На столике (нижний правый угол кадра) стоит, допустим, маятник для медитации, или скульптура с стиле rock balance, или просто комнатный фонтанчик с текущей водой и мельничным колёсиком, которое пощёлкивает при вращении. И вот в том момент, когда, допустим, дужки маятника сходятся в одной плоскости, или на скульптуру садится стрекоза, или колёсико перестаёт постукивать, мы помимо своей воли переключаем внимание на правый нижний угол экрана… И у человека в кресле есть сколько-то секунд, чтобы вложить в наши головы любой образ и любую идею. Мы не запомним этого и будем уверены, что сами додумались, всё сами…
Но важно всё-таки, чтобы он говорил на том языке, который мы понимаем.
Так вот, для того, чтобы воспринимать то, что вкладывает в нас киноискусство, мы должны освоить киноязык – хотя бы на уровне букваря (или как там называется сборник простейших иероглифов?). И вот тут на сцене появляется любимец дам и несомненный гений Михаил Александрович Чехов, пока ещё не собственной персоной, а в виде театральной системы его имени.
Любимый ученик Станиславского и последователь учения Штайнера, Чехов создал собственную театральную систему, основанную как на системе Станиславского, так и на штайнеровской системе эвритмии – «видимой речи и видимой песни». Согласно принципам эвритмии, каждому элементу речи соответствует определенное архетипическое движение или жест, определённым грамматическим функциям соответствуют определённые душевные качества, каждому аспекту музыки – свои тона, интервалы, ритмы и гармонии. Постигать эту связь предлагалось с помощью трансцендентальных медитаций.
А где появляется трансцендентальная медитация, там совсем рядом – воздействие на наше подсознание, на архетипы, их выявление, деформация, полная замена. Вот вам и кляксы Роршаха.
Но на этом мы завершим дозволенные речи.
.
«Все промежутки между действительными познаниями заполнены проекциями»
(Карл Густав Юнг)
От редакции: Портал Terra America продолжает публикацию работы известного русского писателя Андрея Лазарчука о его видении Голливуда. В первой части речь шла о театральной системе М.А. Чехова, о том, как «фабрика грез» помогла американцам пережить непростые времена, о пропаганде, отвлечении внимания и кляксах Роршаха… Впрочем, пересказать это невозможно. Лучше прочесть.
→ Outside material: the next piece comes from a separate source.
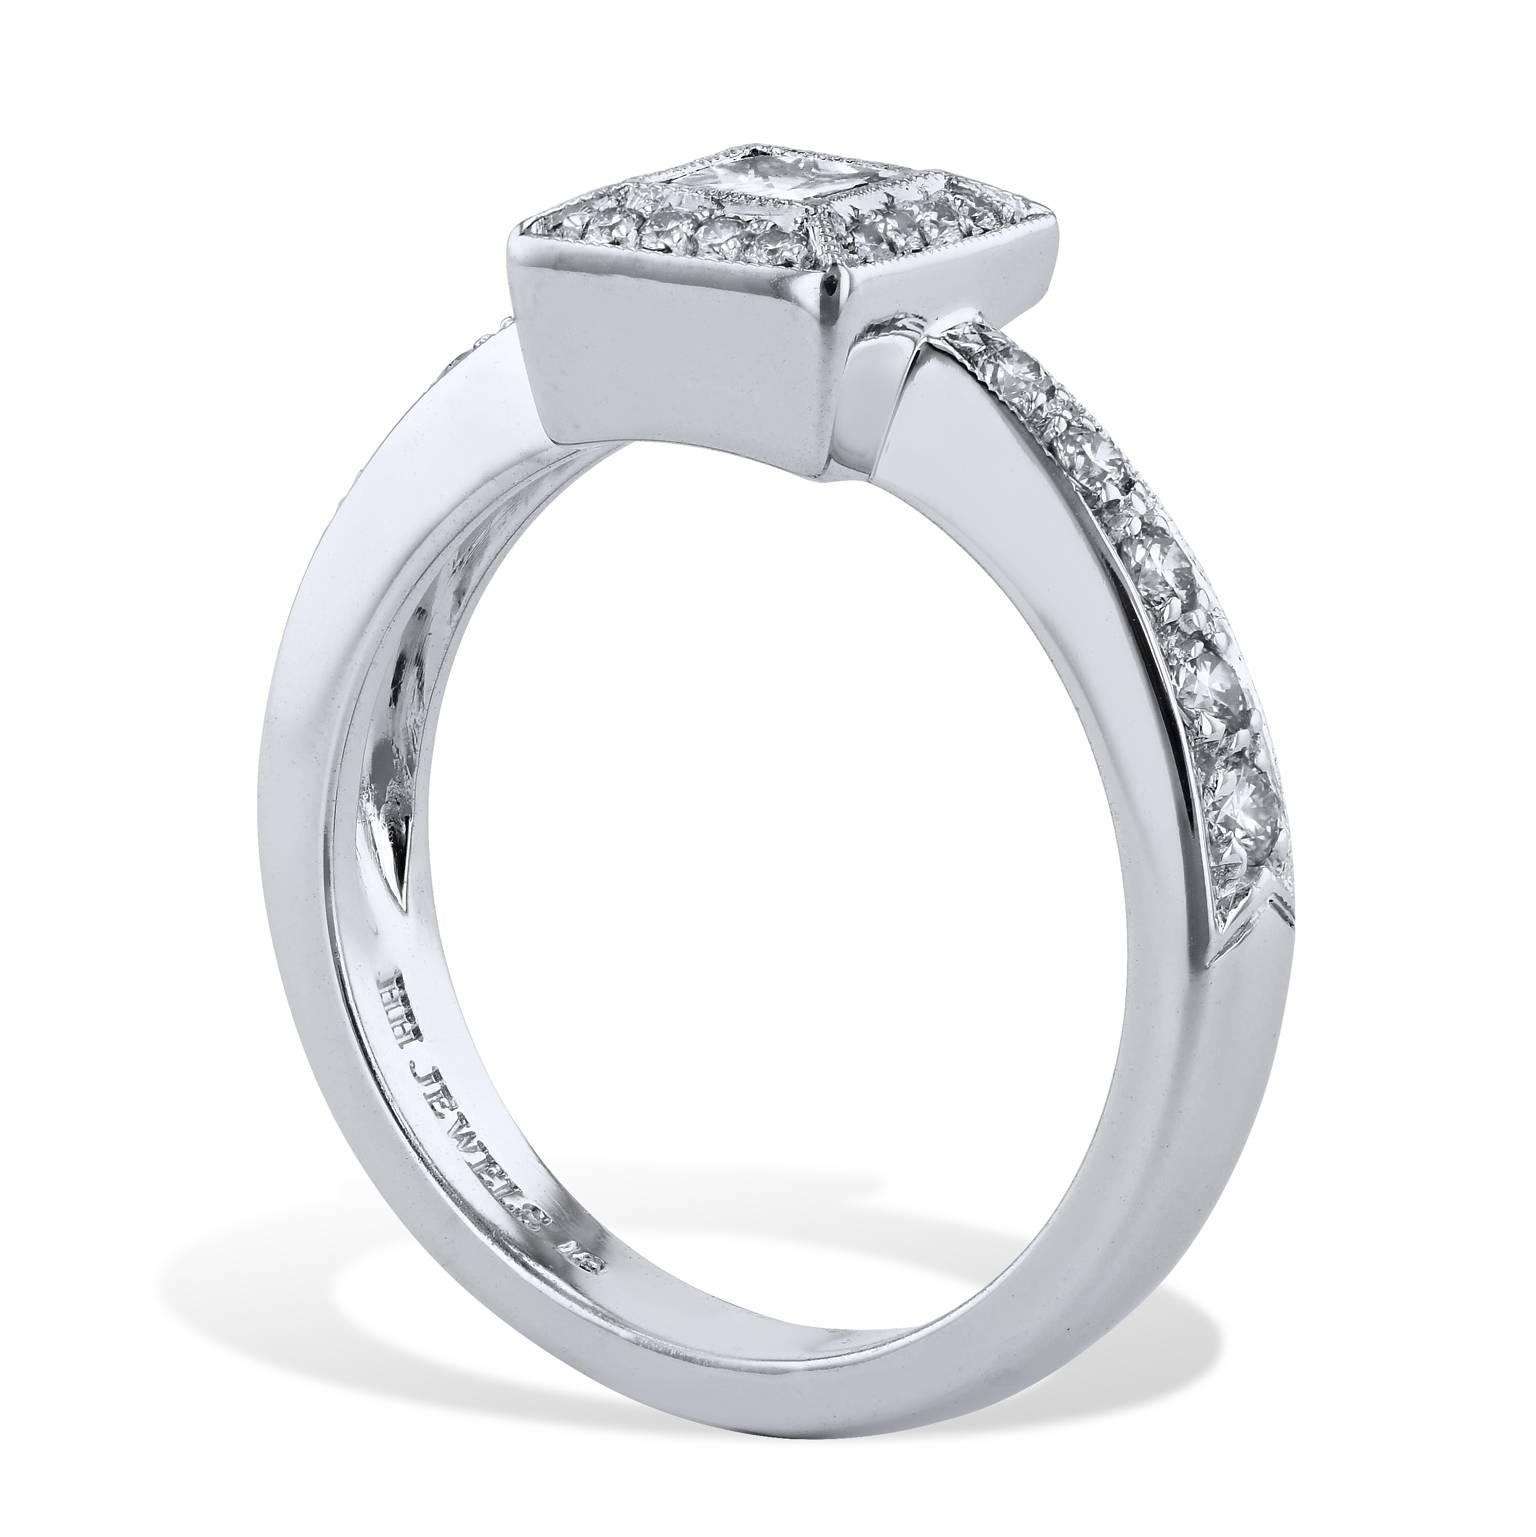 This 0.35 carat princess cut diamond (H/VS) surprises and excites with transcendent elegance in this handmade 18 karat palladium engagement ring. 0.23 carat of pave set diamonds (H/VS) adorn the bezel and cascade down the shank; further highlighting
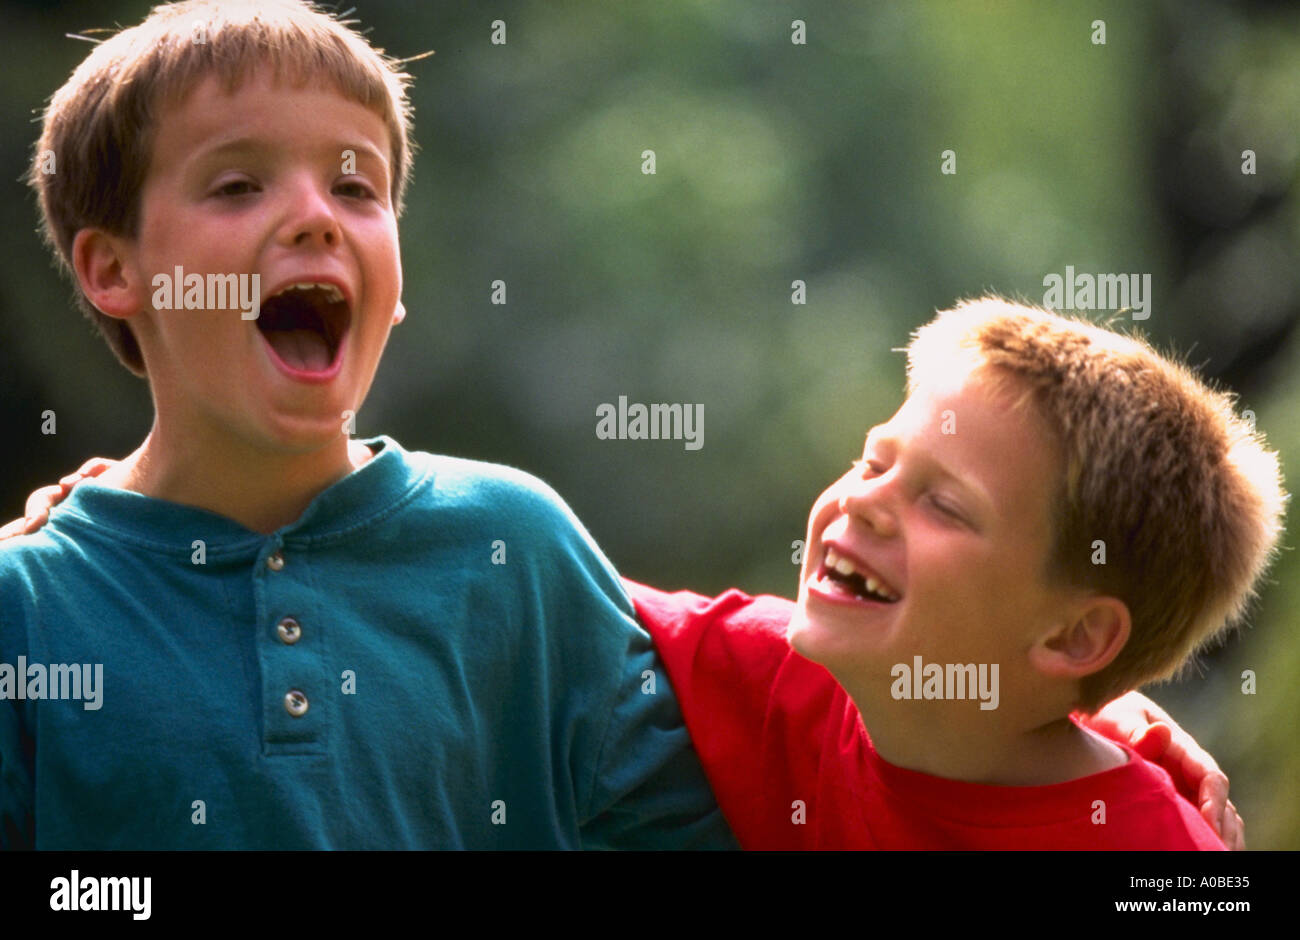 Two boys laughing and smiling together Stock Photo

Сегодня мы предлагаем нашему читателю вторую часть (серию) повествования о «Машине Реальности».
* * *
В наше время поп-психология до безобразия размыла понятие архетипа, поэтому попробуем дать ему более чёткое определение. В позднеантичные времена это был «образ Бога в человеке», у Блаженного Августина – «Идеи, которые сами не созданы… которые содержатся в божественном уме». Согласно Юнгу, который ввёл понятие архетипа в аналитическую психологию, архетип – это общность психических структур, которые не имеют источника в отдельном индивиде, а только в человечестве в целом. Можно сказать и так: архетипы лежат на одной полочке с базовыми инстинктами, только инстинкты – это поведенческие программы, а архетипы – распознавательные. Именно через архетипы младенец учится смотреть на мир, ещё даже не познавать, а только воспринимать его. При этом интуитивное схватывание архетипа всегда предшествует действию; распознавание «спускает курок» инстинктивному поведению.
Ещё одна аналогия, которая лучше поможет понять суть архетипов: архетип можно уподобить древнему иероглифу, который имеет название, звучание, собственный смысл (и даже не один), в то время как мы давно пользуемся фонетической азбукой; и для описания иероглифа приходится использовать много букв, причём для каждого смыслового слоя свой набор букв, и никогда нельзя сказать, что описание полное.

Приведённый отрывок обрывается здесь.